L’altro fronte è costituito dalla discutibile “iniziativa dei registri” per il cosiddetto “testamento biologico”. Come si sa, una mozione relativa all’istituzione di tale registro è stata recentemente approvata, dopo il Comune di Sant’Arcangelo, anche nel Comune di Rimini. La nostra Commissione diocesana di Bioetica ha espresso al riguardo un parere negativo – proposto in modo chiaro e con sagge argomentazioni – che si può riassumere in queste affermazioni nette e quanto mai impegnative: chi ama la vita, la dona, non la toglie; la sofferenza va alleviata e il malato non può essere né abbandonato né “fatto morire”, evitando quindi sia l’accanimento terapeutico sia ogni atto obiettivamente proeutanasico. Infatti “ogni singolo paziente, anche quello inguaribile, porta con sé un valore incondizionato, una dignità da onorare, che costituisce il fondamento ineludibile di ogni agire medico” (Benedetto XVI, Discorso al 110° Congresso nazionale della Società Italiana di Chirurgia, ott. 2008).
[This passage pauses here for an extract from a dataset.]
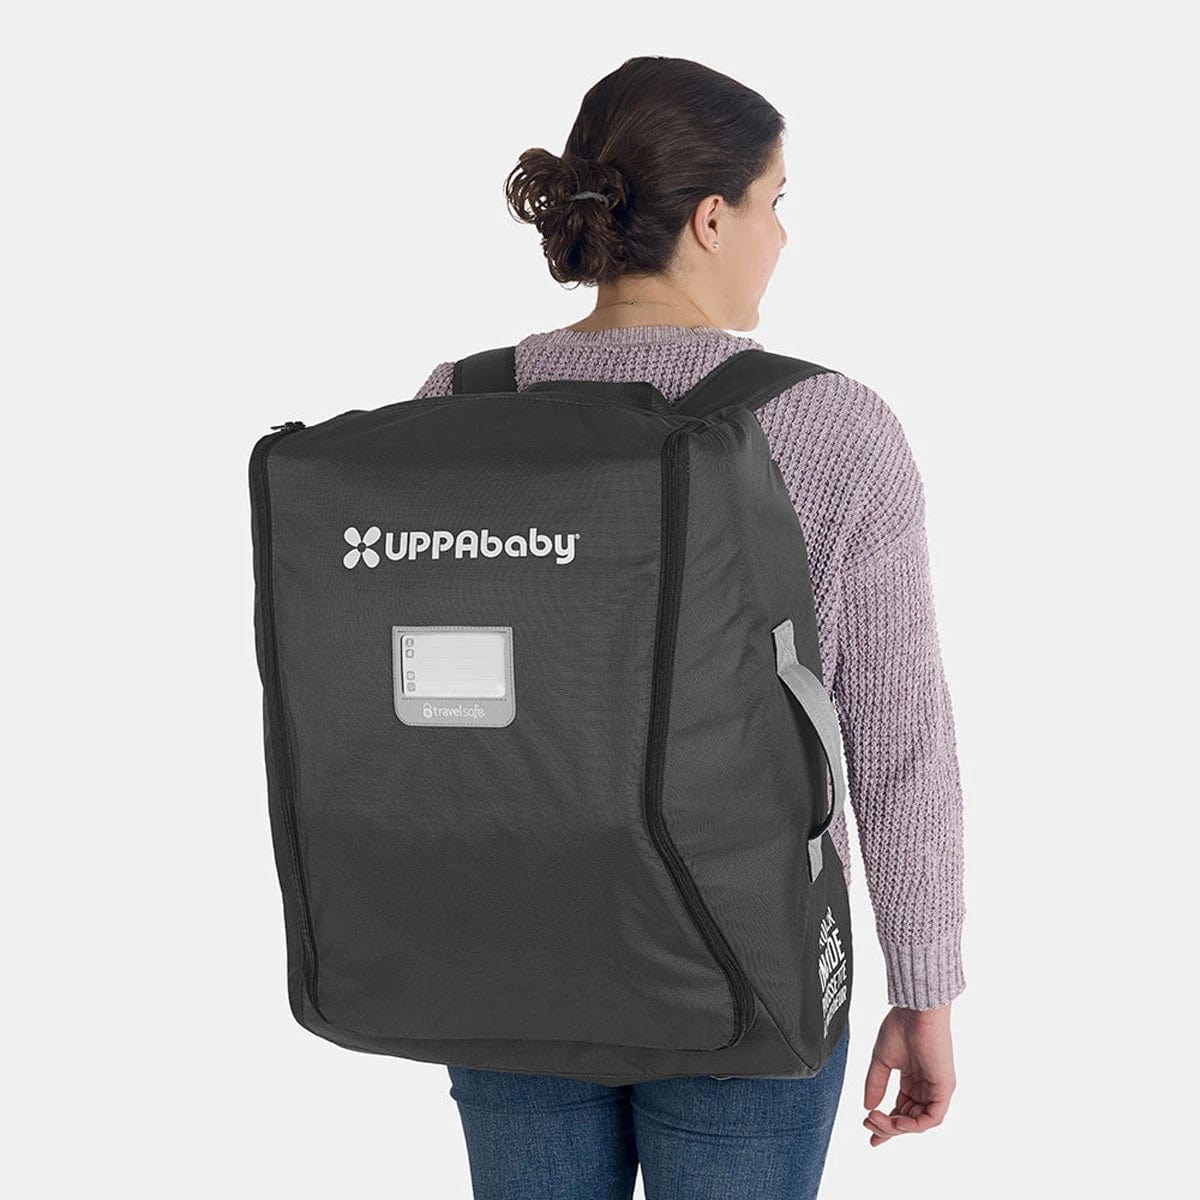 UPPAbaby travel bag UPPAbaby MINU / MINU V2 TravelSafe Travel Bag

Concludo con una citazione tratta dal magistero delle persone che parlano il linguaggio più credibile, quello dei testimoni. E il “teste a carico” non può che essere ancora una volta il nostro indimenticabile Don Oreste:
“Insorgiamo nel nome dei nostri bambini anencefalici, dei nostri bimbi ciechi, sordomuti, in possesso solo delle funzioni vegetative, dei nostri malati in stato di coma; creature tutte che abbiamo nelle nostre case- famiglia e che curiamo con amore e dedizione per tutta la durata della loro vita. Il diritto alla vita è sacro, perché è dato da Dio a ogni essere umano; è intangibile, indipendentemente dalle condizioni fisiche, psichiche, spirituali in cui la persona si trova”.